┏━━
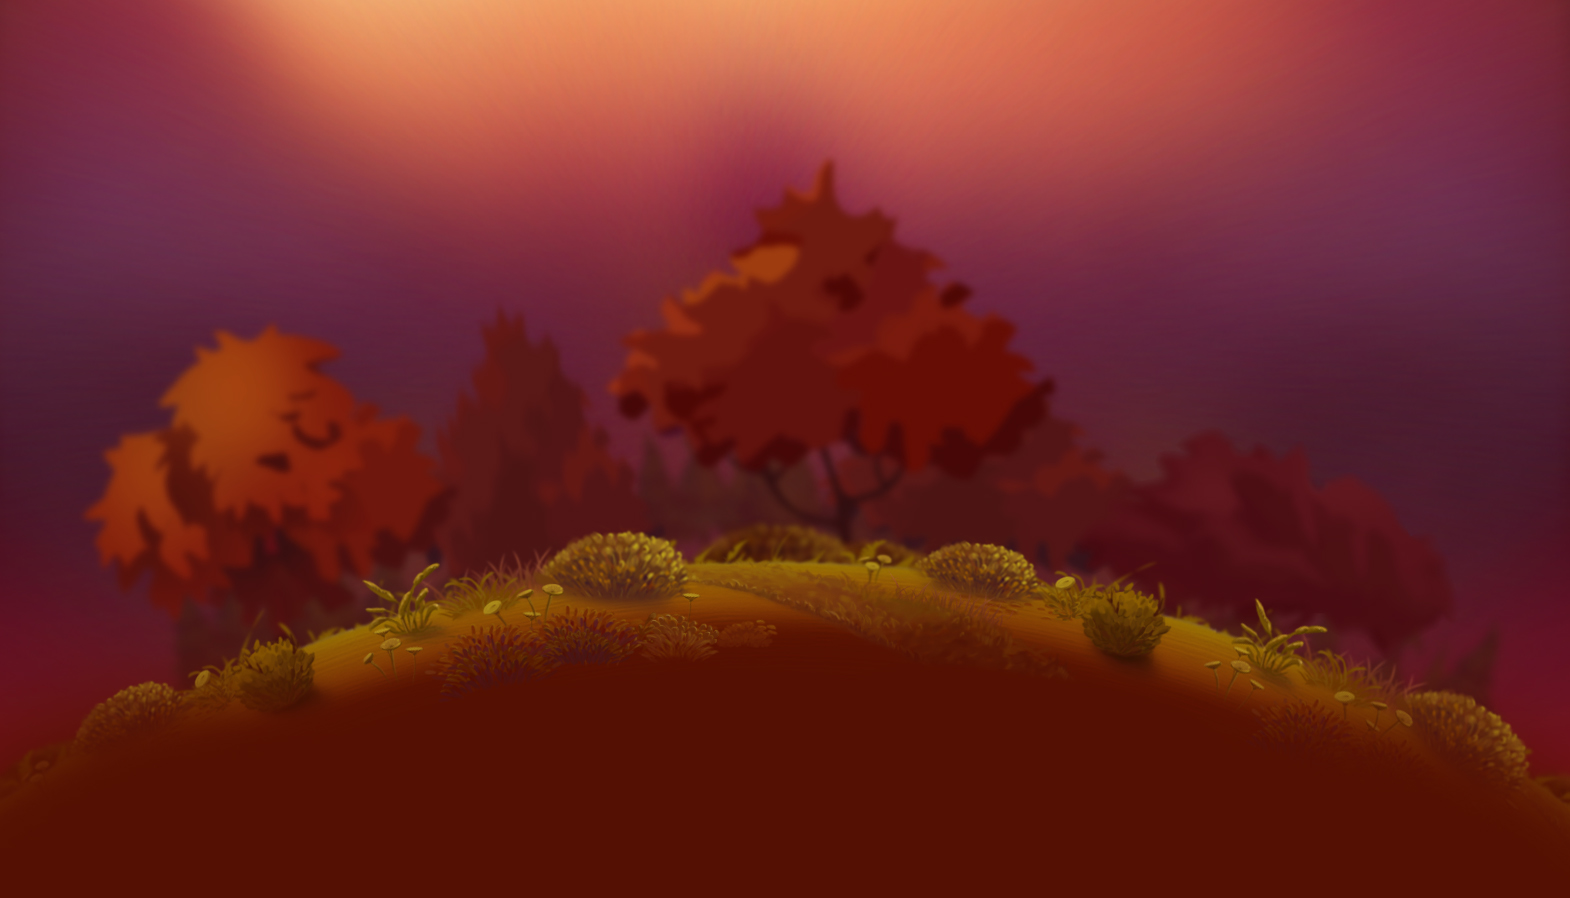 05_background_without_grass_redridinghood.jpg thumbnail
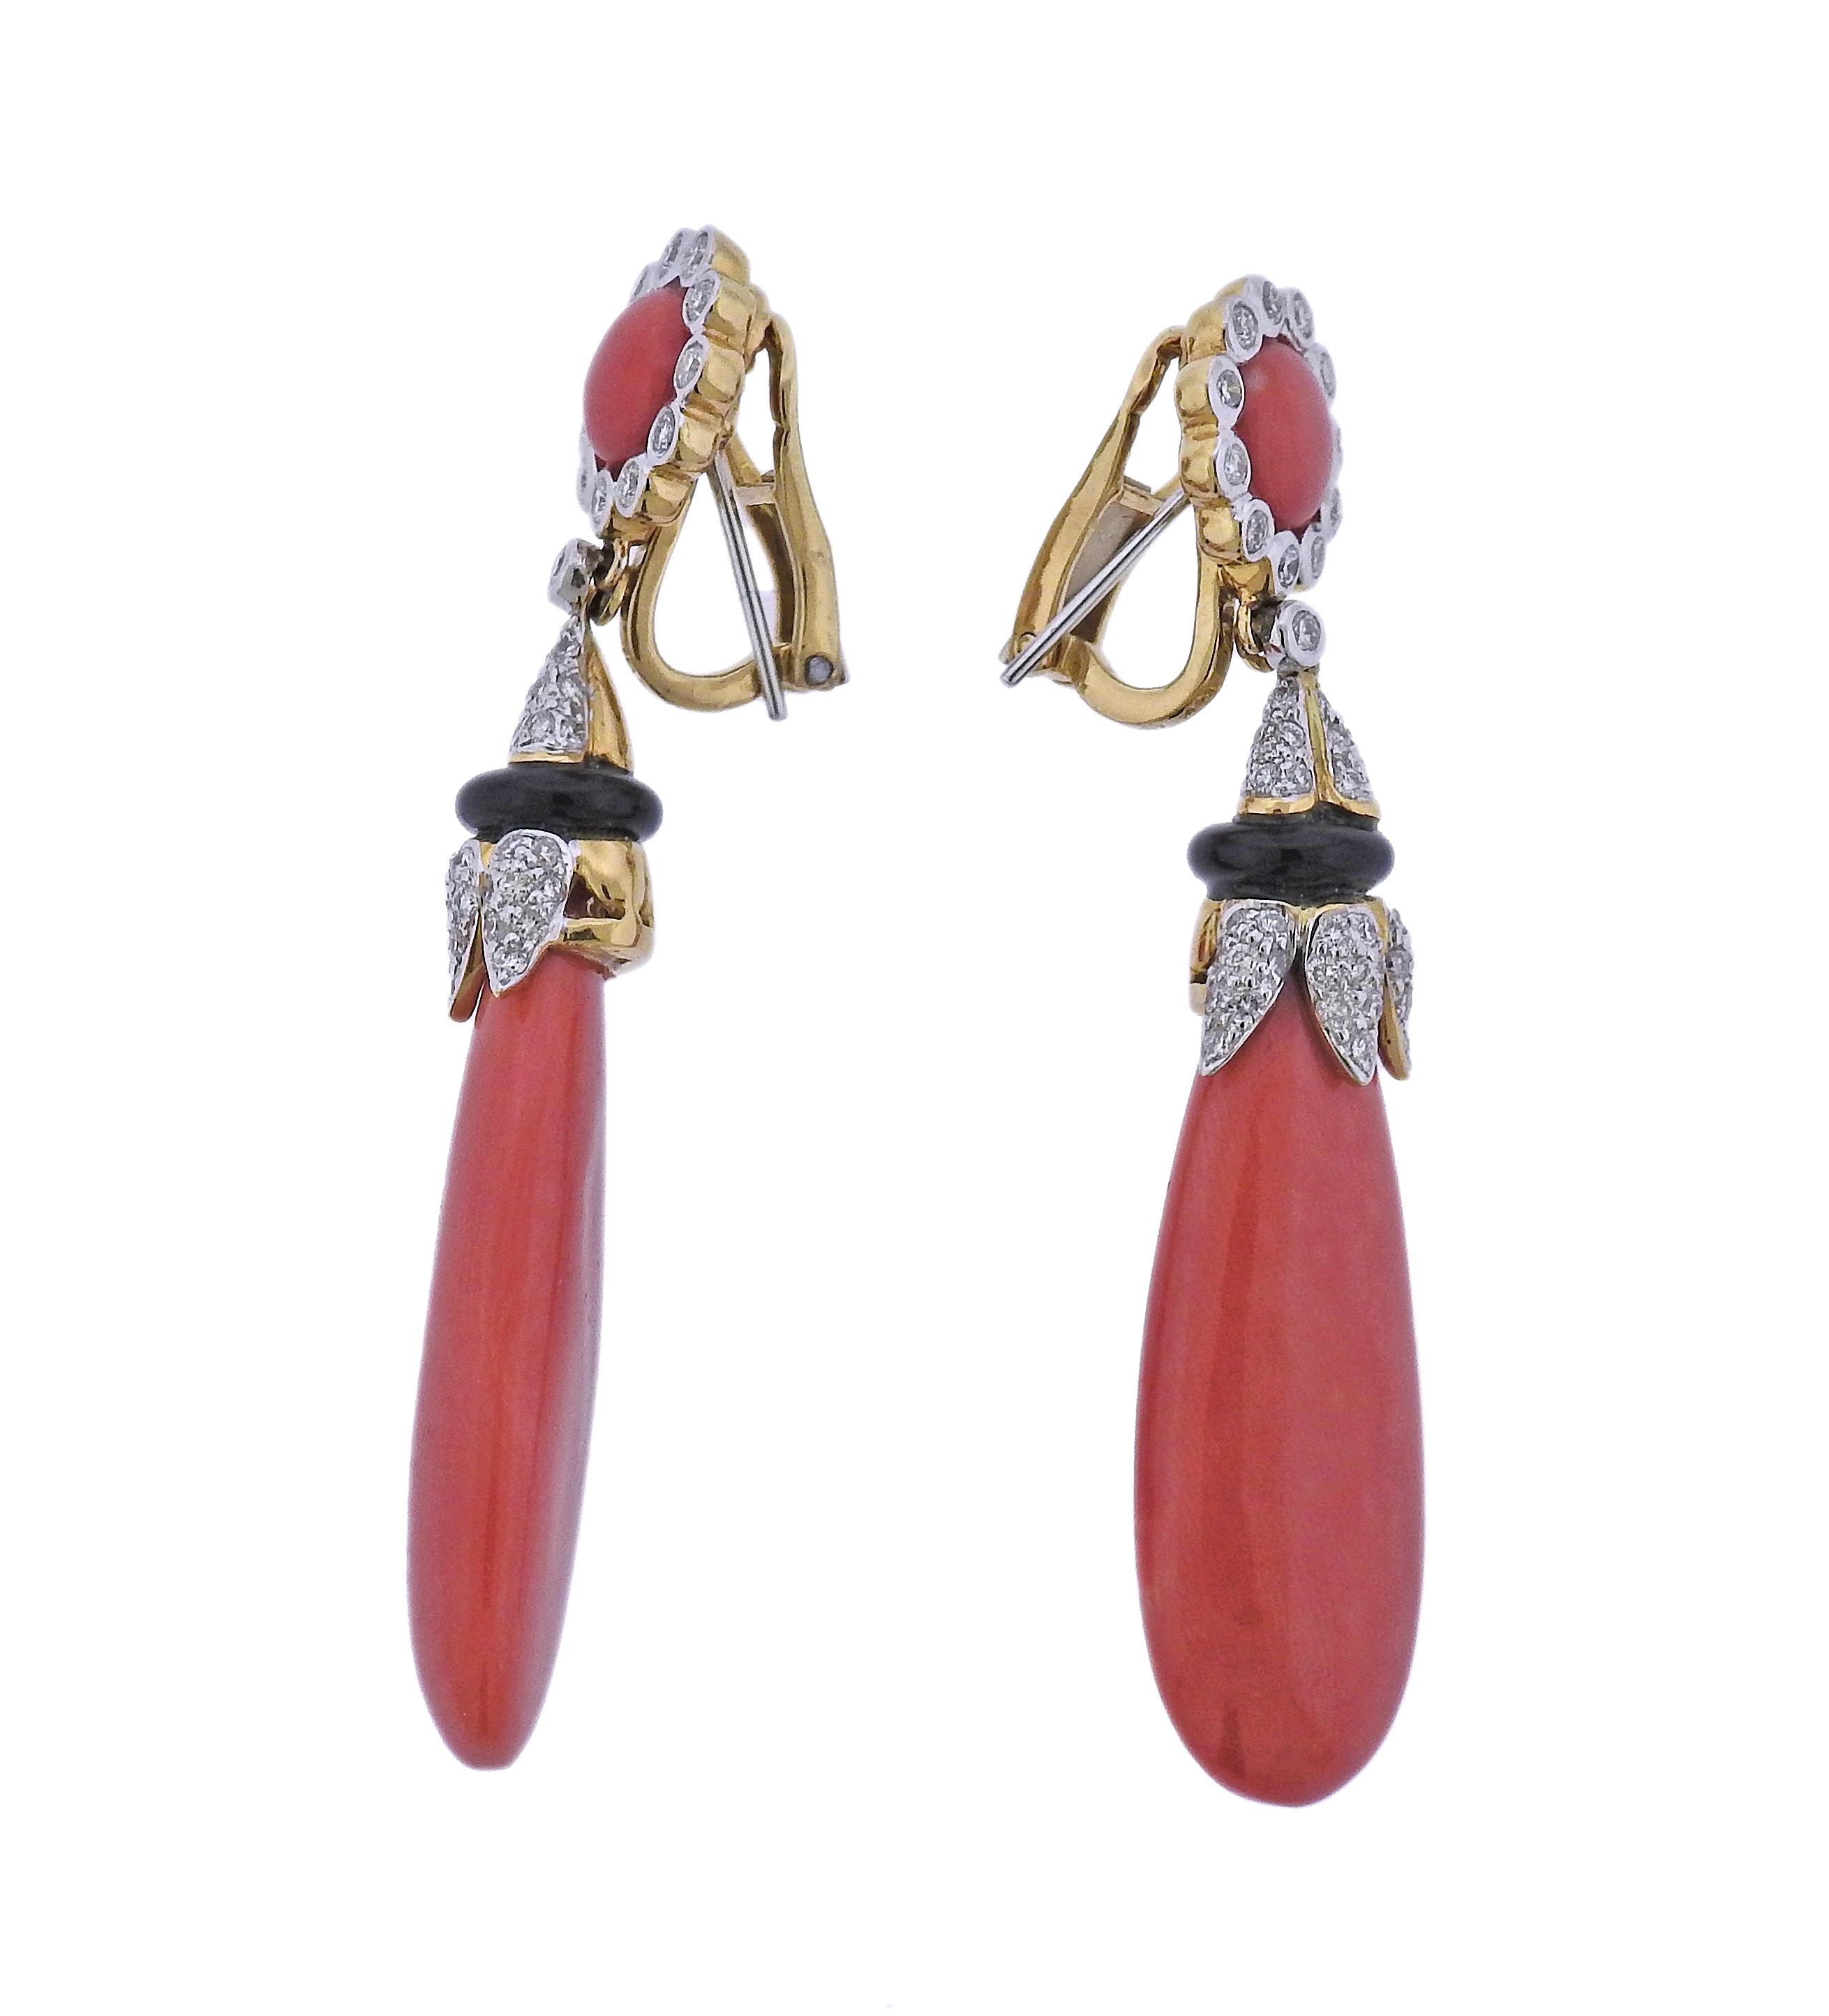 Pair of 18k yellow gold earrings featuring coral drops, onyx and approximately 0.70ctw of H/SI1 diamonds. Earrings are 61mm long. Marked 750 18k. Weight is 20.7 grams. 
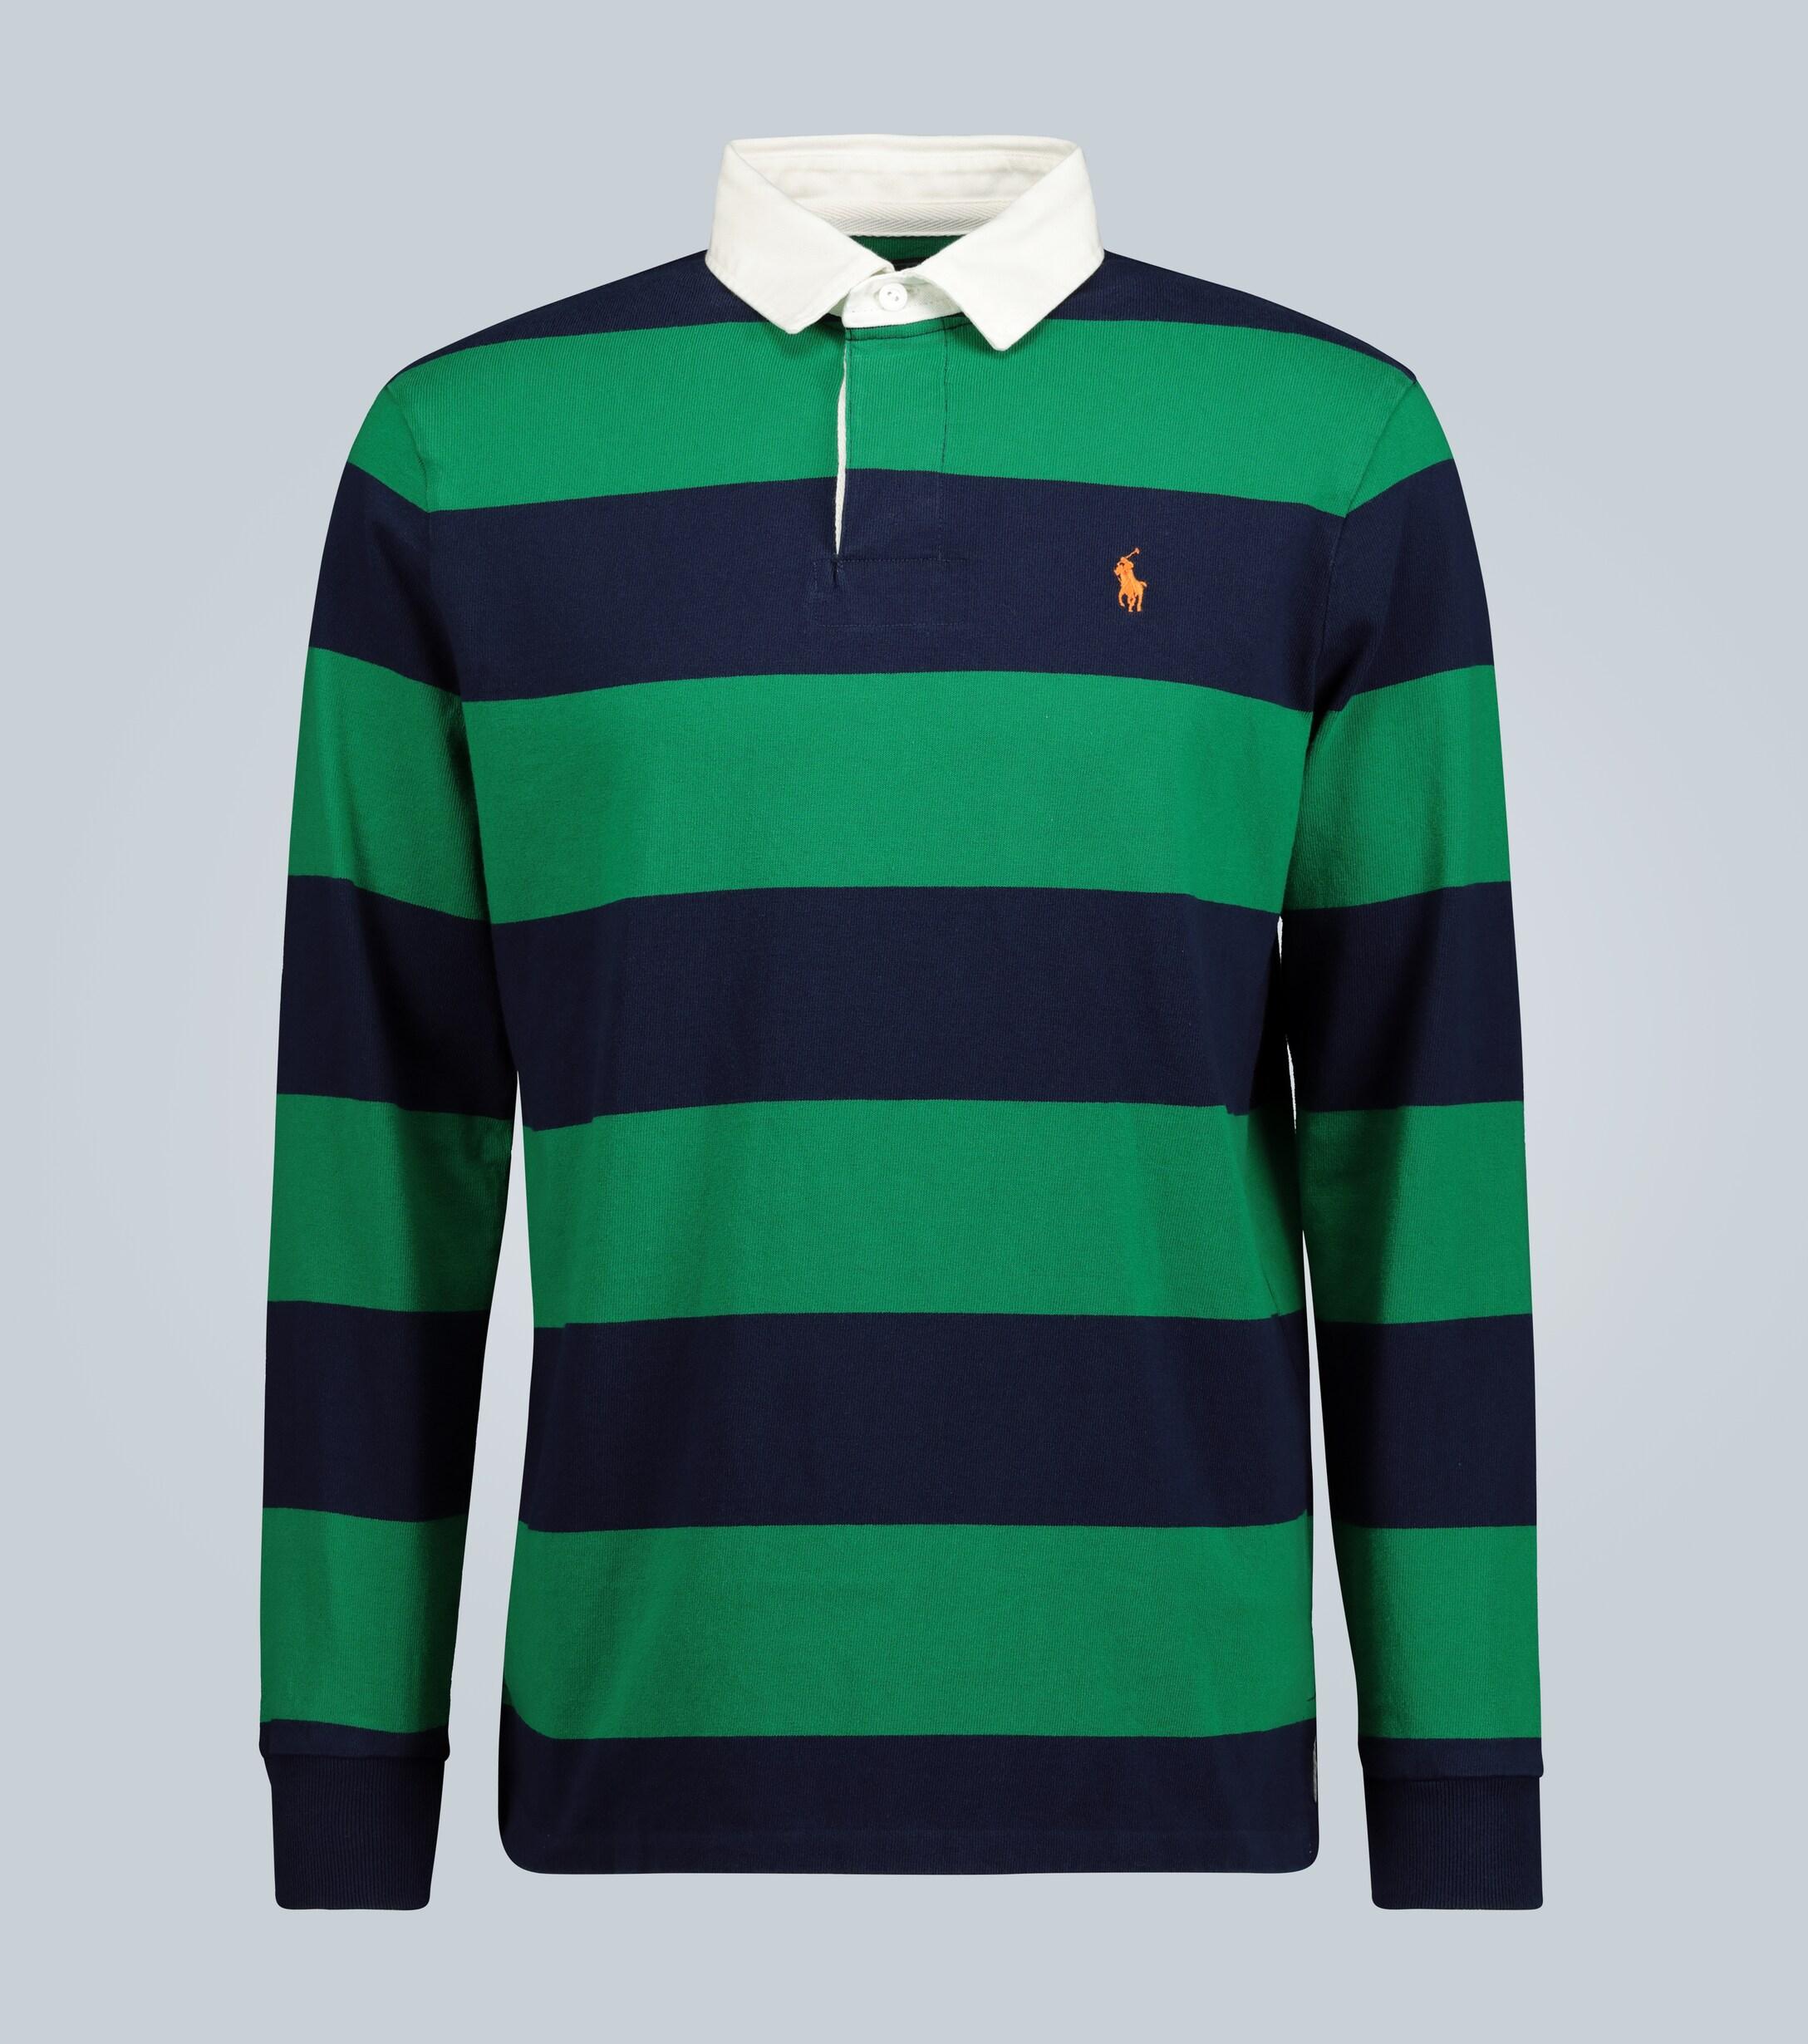 polo ralph lauren striped rugby shirt,Save up to 15%,www.ilcascinone.com
┗━━
Goal of the exercise — Copy exactly what appears from the line holding "Pair of 18k" to the end of the material, keeping both end lines. Pictures are not part of the copy.

Task answer —
 Pair of 18k yellow gold earrings featuring coral drops, onyx and approximately 0.70ctw of H/SI1 diamonds. Earrings are 61mm long. Marked 750 18k. Weight is 20.7 grams. 
 polo ralph lauren striped rugby shirt,Save up to 15%,www.ilcascinone.com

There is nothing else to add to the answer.